Say I am interested in the relationship between height, weight, and gender of students with respect to the number of R workshops each student has taken. So I take a sample of size 10 out of the students population and I measure these students’ height, weight, and ask about they gender, and how many R courses/workshops they attended. Then our data would look like this:
Names | Age | Height | Weight | Gender | Courses |
---|---|---|---|---|---|
Alan | 23 | 170.6 | 76.9 | Male | 1 |
Brian | 31 | 179.6 | 59.6 | Male | 2 |
Carlos | 31 | 168.9 | 48.3 | Male | 0 |
Dalton | 25 | 164.9 | 78.6 | Male | 2 |
Ethan | 32 | 160.9 | 54.6 | Male | 0 |
Flora | 26 | 161.6 | 69.8 | Female | 4 |
Gaia | 35 | 194.2 | 56.0 | Female | 0 |
Helen | 26 | 171.3 | 86.5 | Female | 3 |
Ingrid | 27 | 165.1 | 62.9 | Female | 0 |
Jennifer | 20 | 165.6 | 59.4 | Female | 2 |
In analyzing a data-set, we are often interested in conducting operations for a whole set of numbers of a given variable (which we can call vectors). A vector can contain numbers, strings, logical values, or any other type. For example, if we take our participants Height, it would be an example of a numeric vector. If we take our participants’ Gender, it would be an example of a string vector. In this way, one can build a data-set with several types of vectors.

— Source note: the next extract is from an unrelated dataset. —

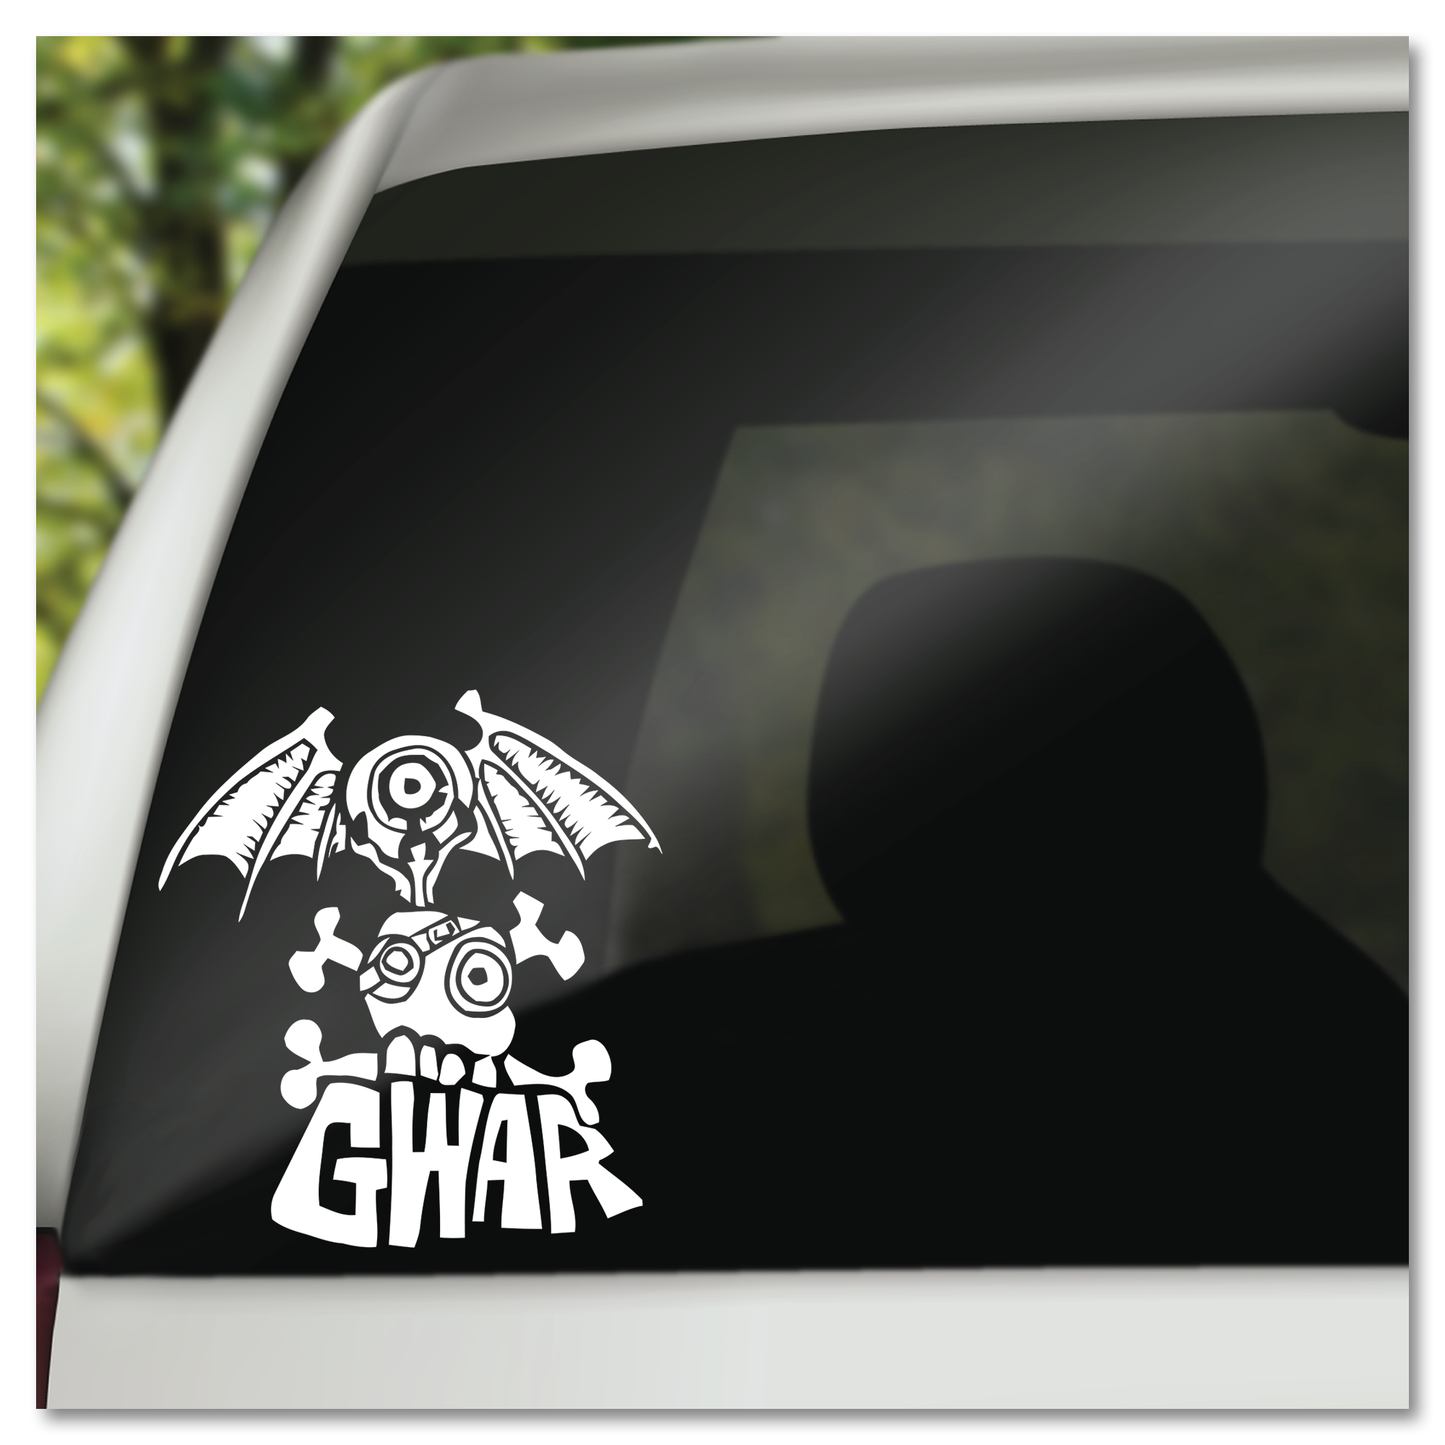 GWAR Vinyl Decal Sticker

Let’s focus on male students’ heights as our example. Suppose we are interested in their Arithmetic mean, how can we calculate it in R? Here’s the formula:
$$\frac{1}{n} \sum_{i=i}^{n} x_{i}$$
The first thing we need to do - according to the formula - is to add all the heights. So lets…
157.9 + 172.8 + 180.8 + 146.5 + 174.3
… then we need to divide this sum by the number of observations, which is 5. So, what is the mean height of male students in our sample?
(157.9 + 172.8 + 180.8 + 146.5 + 174.3)/5
Now, let’s do the same operation using a vector. In the previous section we learned how to store a mathematical expression into an object. Now, we are going to store more than one piece of data into an object (i.e., vector). So first, we need to name our vector, let’s call it “height”. And it will receive all five values. In R, we do this by “combining” or “concatenating” several values, so we use the “c” in front of a parenthesis, with values separated by commas.
height <- c(157.9, 172.8, 180.8, 146.5, 174.3)
Let’s check if we created our vector correctly.
height
Now that we created our vector, we can do the same operations we did above for our height vector. This is one of the main advantages or R over other statistical software.
So, type in your Source panel (top-left) the following expressions:
Multiplication
height * 2
Division
height/2
Exponentiation
height^2
Vectorized operations are one of the most important strengths of R because it facilitates immensely the process of dealing with data. For example, if we wanted to calculate the mean of height for males, all we have to do is to know the function in R that calculates the: mean(), and put our vector inside it.
mean(height)
Variance
var(height)
Standard Deviation
sd(height)
Median
median(height)
Range
range(height)
Summary
summary(height)
We can also do regular operations with vectors without naming them
c(1, 2, 3, 4, 5) * 2
Can you guess which mathematical operation the below code is yielding?
c(1, 2, 3, 4, 5) * c(1, 2, 3, 4, 5)
How about this last one?
height - c(1, 2, 3, 4, 5) * c(5, 4, 3, 2, 1)